Bitcoin is very hard to change, a property that is critical to it having any value at all. But, what exactly prevents it from being changed? Bitcoin is also bigger than ever, so how do improvements get made?
Announcing the open source bitcoin consensus analysis project (BCAP).
Earlier this year, @avichal and I discussed the potential for such a project, and over the past few months, I have been working with @0xren_cf and @LynAldenContact to go from concept to a solid starting point, which can now be found at the link below
Bitcoin consensus is simply a set of rules codified in software. However, what maintains that consensus and what allows that consensus to change is extremely complex. What roles do each of us play in this consensus? What motivations and powers do each of us have?
This project identifies 6 stakeholder groups that play a role in bitcoin consensus including each group's motivation and powers. It also analyzes how each group’s power shifts over the lifecycle of potential change. https://github.com/bitcoin-cap/bcap#stakeholders
Ultimately, investors have the most power, but their power is often exercised late in the lifecycle of change when bitcoin might be on the brink during a contentious fork. Ideally, we avoid winding up in such a fragile state, so the project explores this dynamic.
The Bitcoin Core project is just one implementation of the bitcoin protocol, but it wields tremendous power given it is the software run by a near-majority of the bitcoin network. It has earned this position by prioritizing security and being conservative on protocol changes.
Historically, changes to bitcoin consensus have been proposed by Bitcoin Core developers and have all been merged into the Bitcoin Core project. Recently, there has been a shift to non-Core developers proposing changes.

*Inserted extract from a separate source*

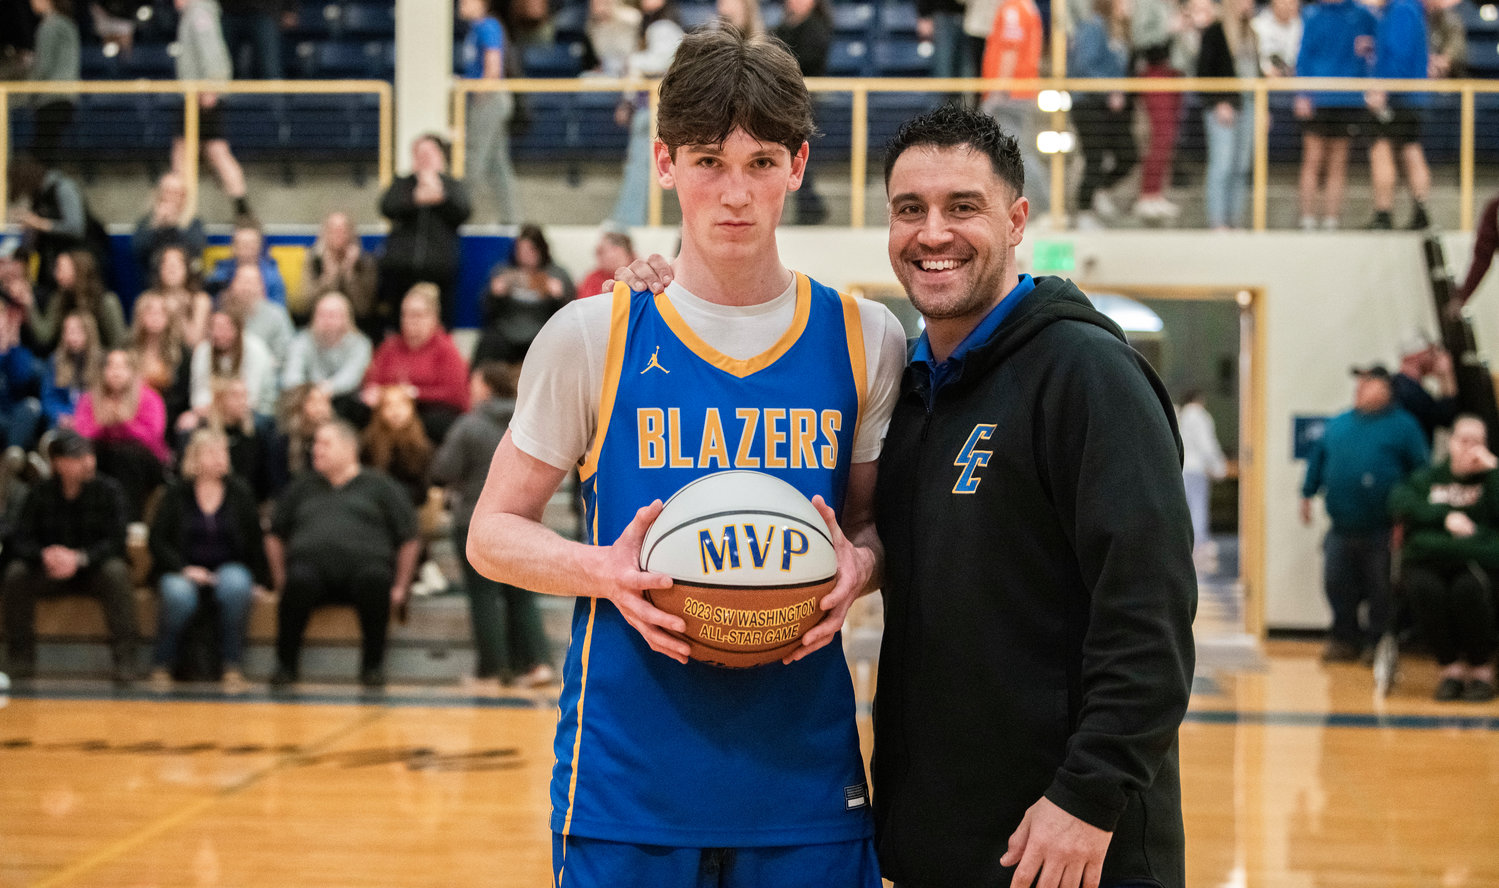 MVP Shay Brannon, of Eatonville, poses for a photo with Joe Chirhart after a Southwest Washington High School All-Star game at Centralia College Friday night.

It is unclear whether this impacts Core prioritizing these.
Often people claim that Bitcoin Core has too much power as a few devs can “change bitcoin.” While this is clearly untrue, the opposite is true in that there is veto-like power to prevent changes.
Thus, alternative consensus clients are an important option. However, they are for extreme situations as it would be very difficult to gain widespread adoption. Low adoption can lead to a fragile network.

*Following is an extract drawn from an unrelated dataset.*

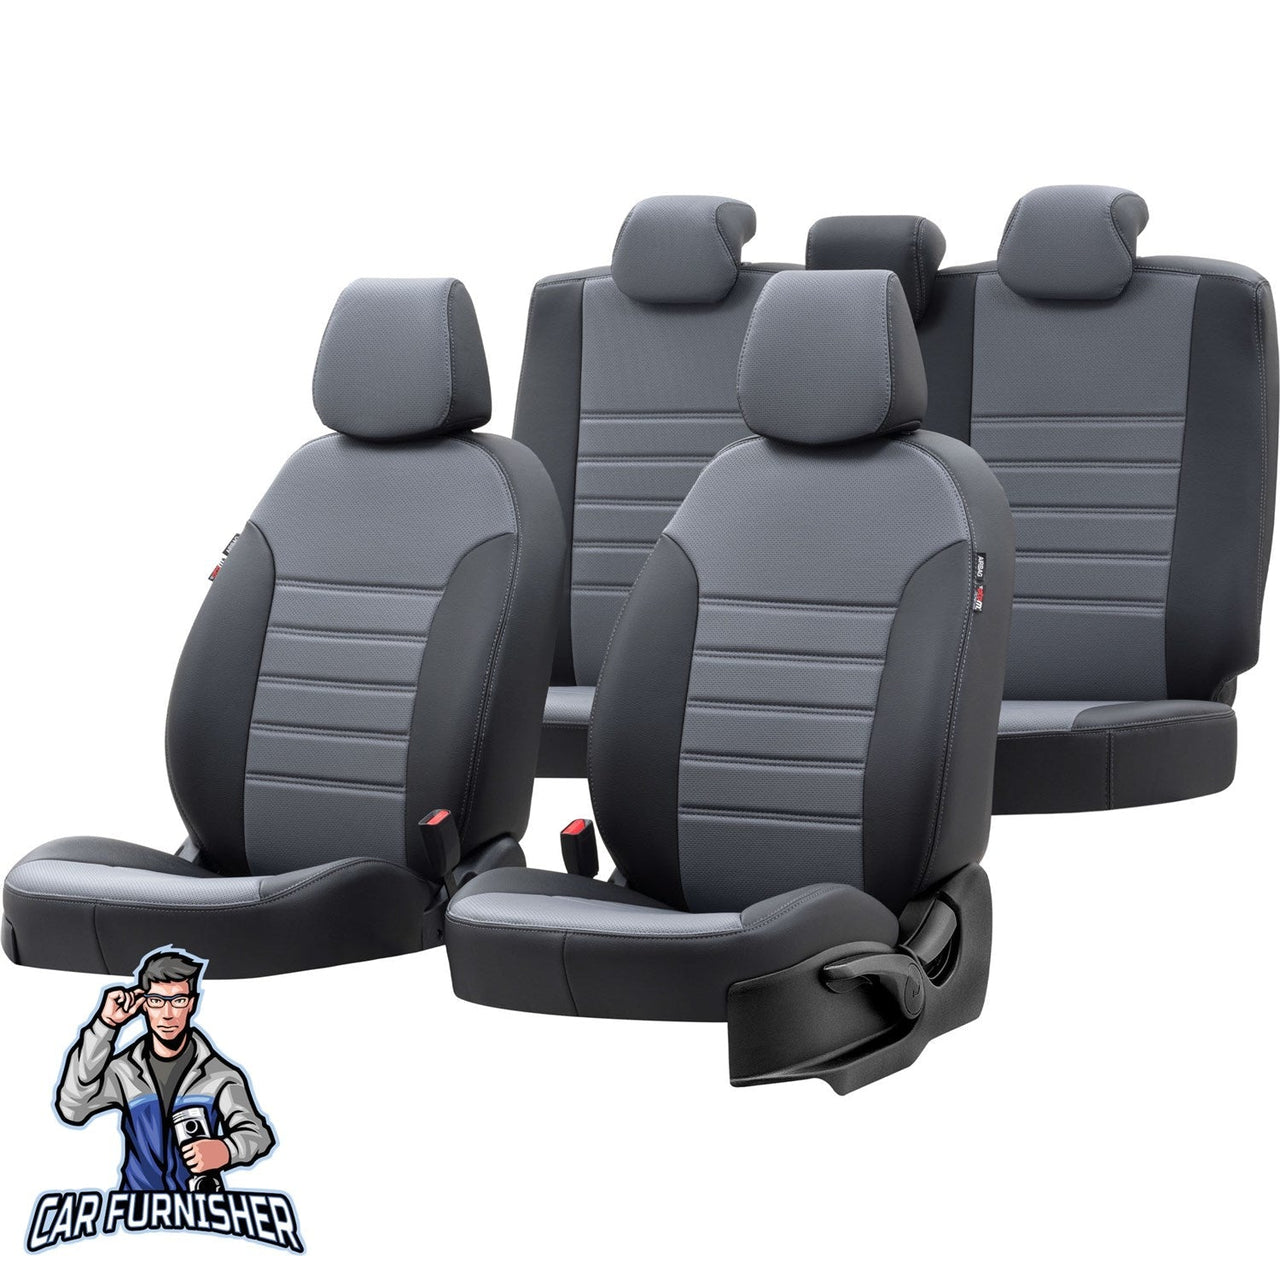 Subaru Forester Seat Cover New York Leather Design Smoked Black Leather

The project explores one such scenario in which a change is (partially) activated with miner hash rate but low adoption from nodes. This can lead to a sizable bounty forming tempting miners to create a chain split, and leaving bitcoin in a state of chaos. (let’s avoid this)
If a trading market develops between fork A and fork B, investors determine the value, but it turns out not all investors are equal. Self-custody individual investors have advantages over corporate and institutional investor segments.
There are many other future scenarios, and we’d love to see the project evolve to analyze these as it is intended to be a community project that serves bitcoin well into the future. The project is off to a great start with 2 dozen reviewers spanning all 6 stakeholder groups.
If anyone sees ways to improve this project please file an issue https://github.com/bitcoin-cap/bcap/issues, open a PR https://github.com/bitcoin-cap/bcap/pulls, or begin a discussion https://github.com/bitcoin-cap/bcap/discussions.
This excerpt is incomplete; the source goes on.